Re: W2k i dysk twardy ktorego nie widac

Autor: <asia123321_at_op.pl>
Data: Thu 26 May 2005 - 13:58:41 MET DST
Message-ID: <236f.000003a5.4295b9f1@newsgate.onet.pl>
Content-Type: text/plain; charset="iso-8859-2"

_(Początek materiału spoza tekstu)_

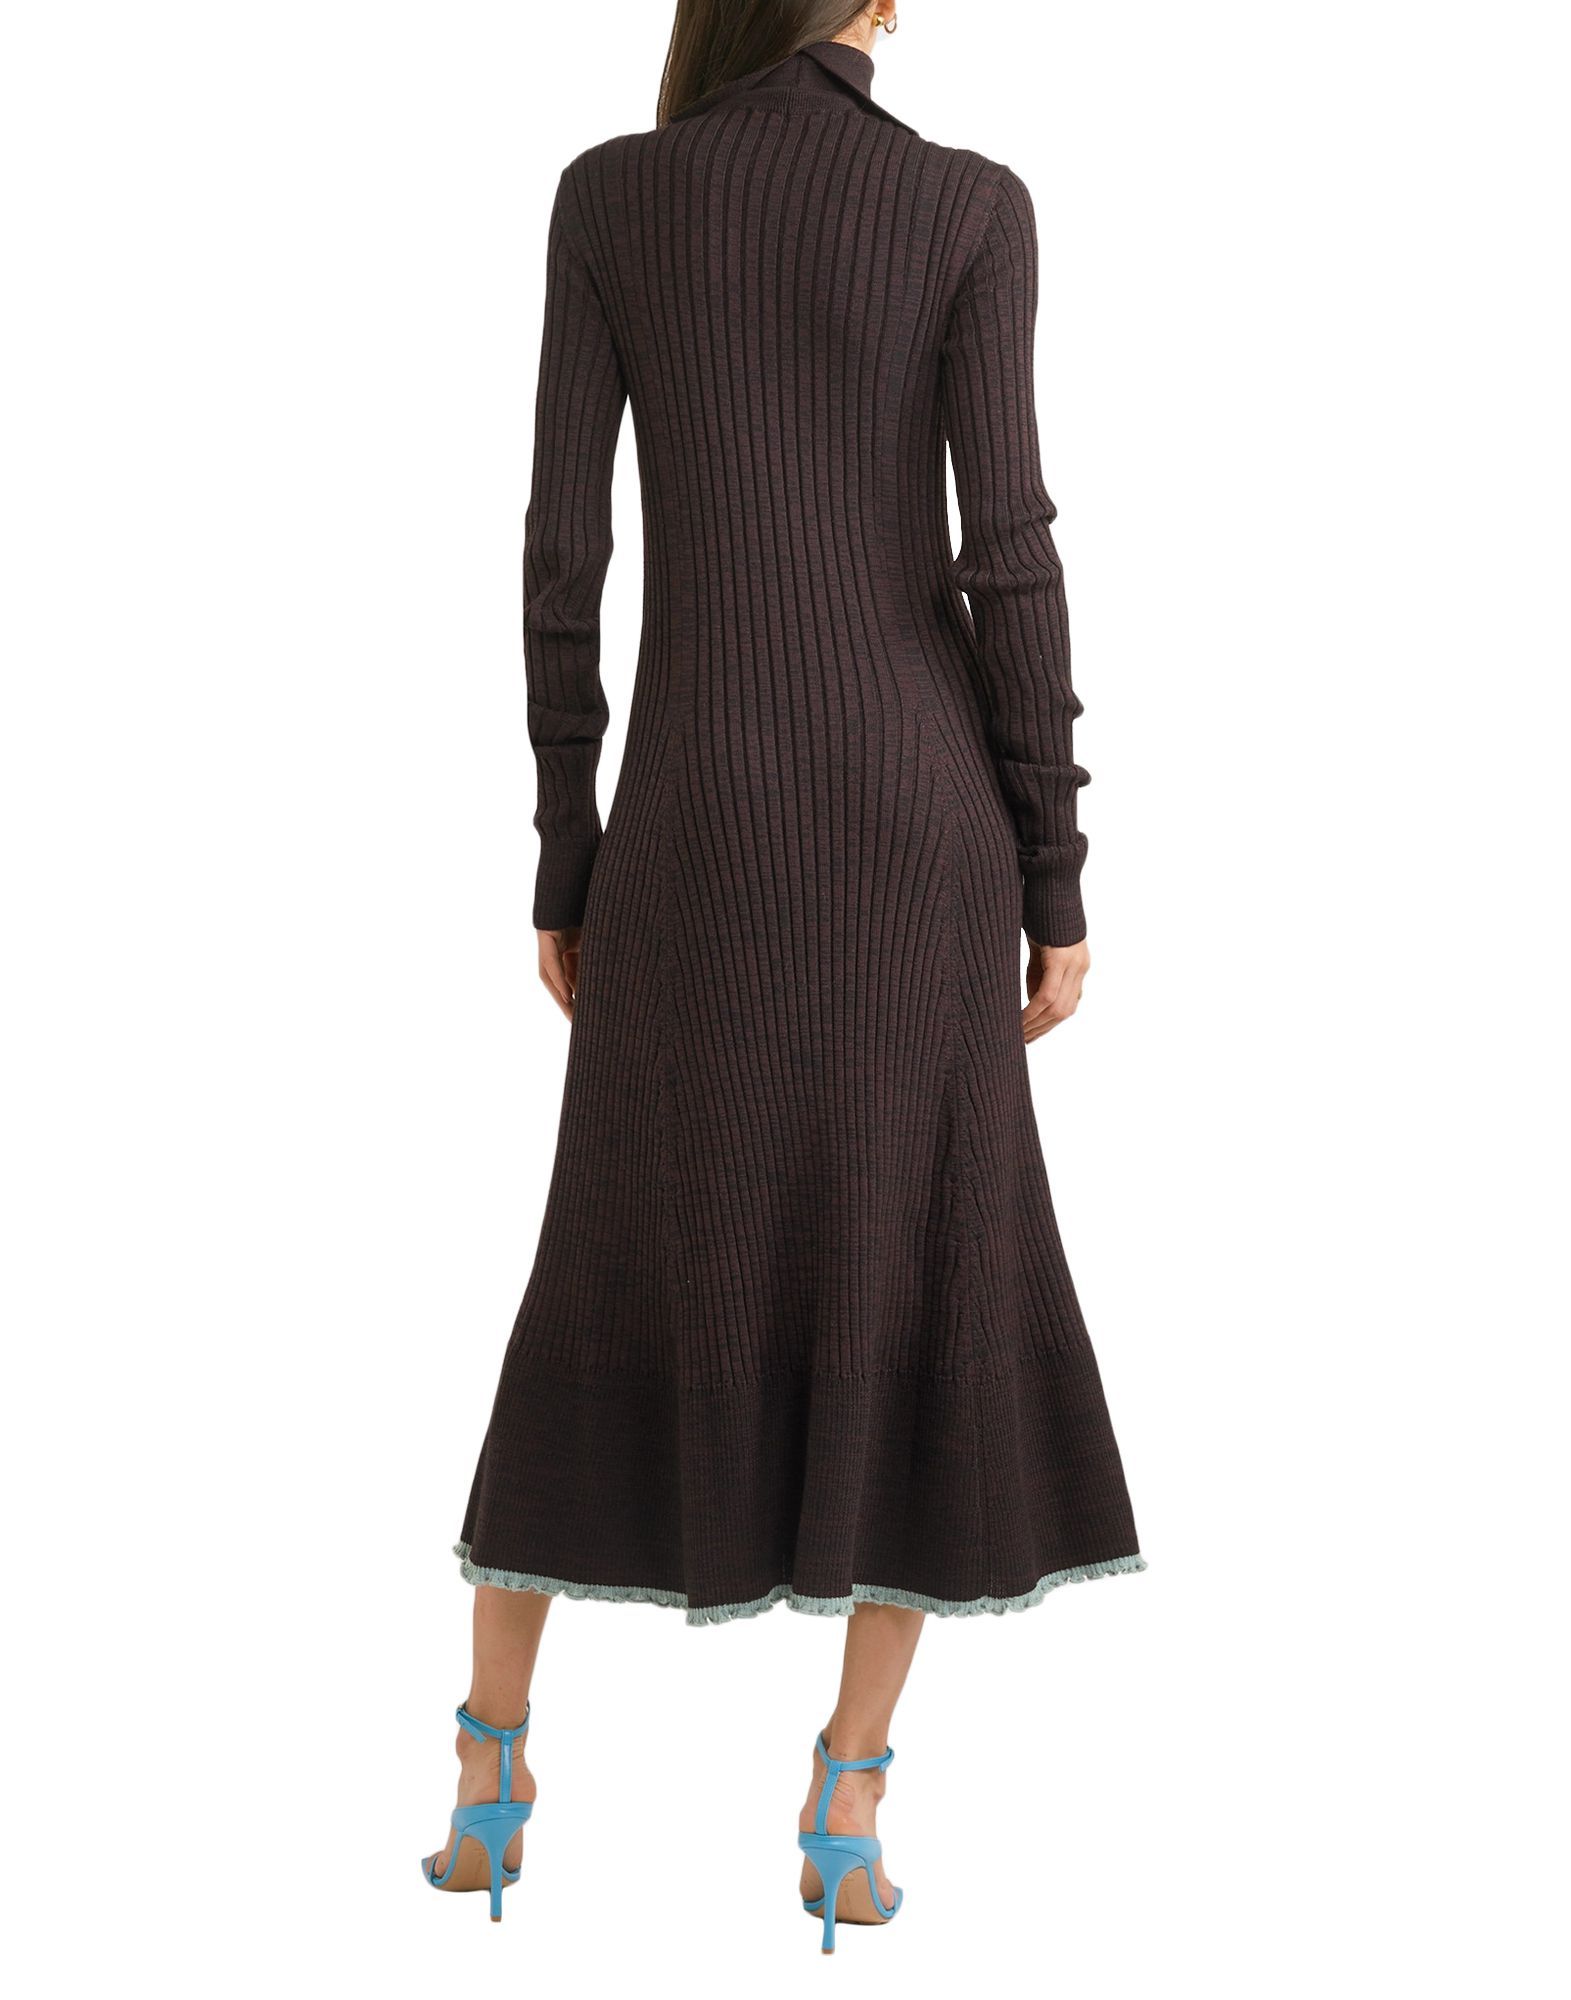 knitted, mélange, no appliqués, two-tone, lightweight knit, turtleneck, long sleeves, no pockets, unlined, large sized

> asia123321WYTNIJTO@op.pl napisał(a):
> > Witam
> >
> > od kilkunastu godzin probuje podlaczyc dysk twardy i wyglada to tak ze nie
> > widac tego dysku. Co wiecej w2k twierdzi ze urzadzenie dziala poprawnie,
ale
> > np. fdisk go nie widzi. Ma ktos jakis pomysl co z tym zrobic? Moze jakies
> > narzedzia?
> >
> > Z gowy wielkie dzieki
> >
> Może warto skorzystać z apletu Narzędzia administracyjne w PAnelu
> sterowania. Jeżeli BIOS oraz Windows wykrywają dysk i jest on sprawny
> (co zakładam) to nie powinno być chyba problemów z założeniem partycji o
> co chodzi zapewne itp.
> A z programów - pewnie PArtition Magic byłby na miejscu lub aplikacje
> partycjonujące z instalacyjnych płyt Linuksa (np. Mandriva) ewentualnie
> QTParted również pod Linuksem (z jakiejś dystrybucji LiveCD).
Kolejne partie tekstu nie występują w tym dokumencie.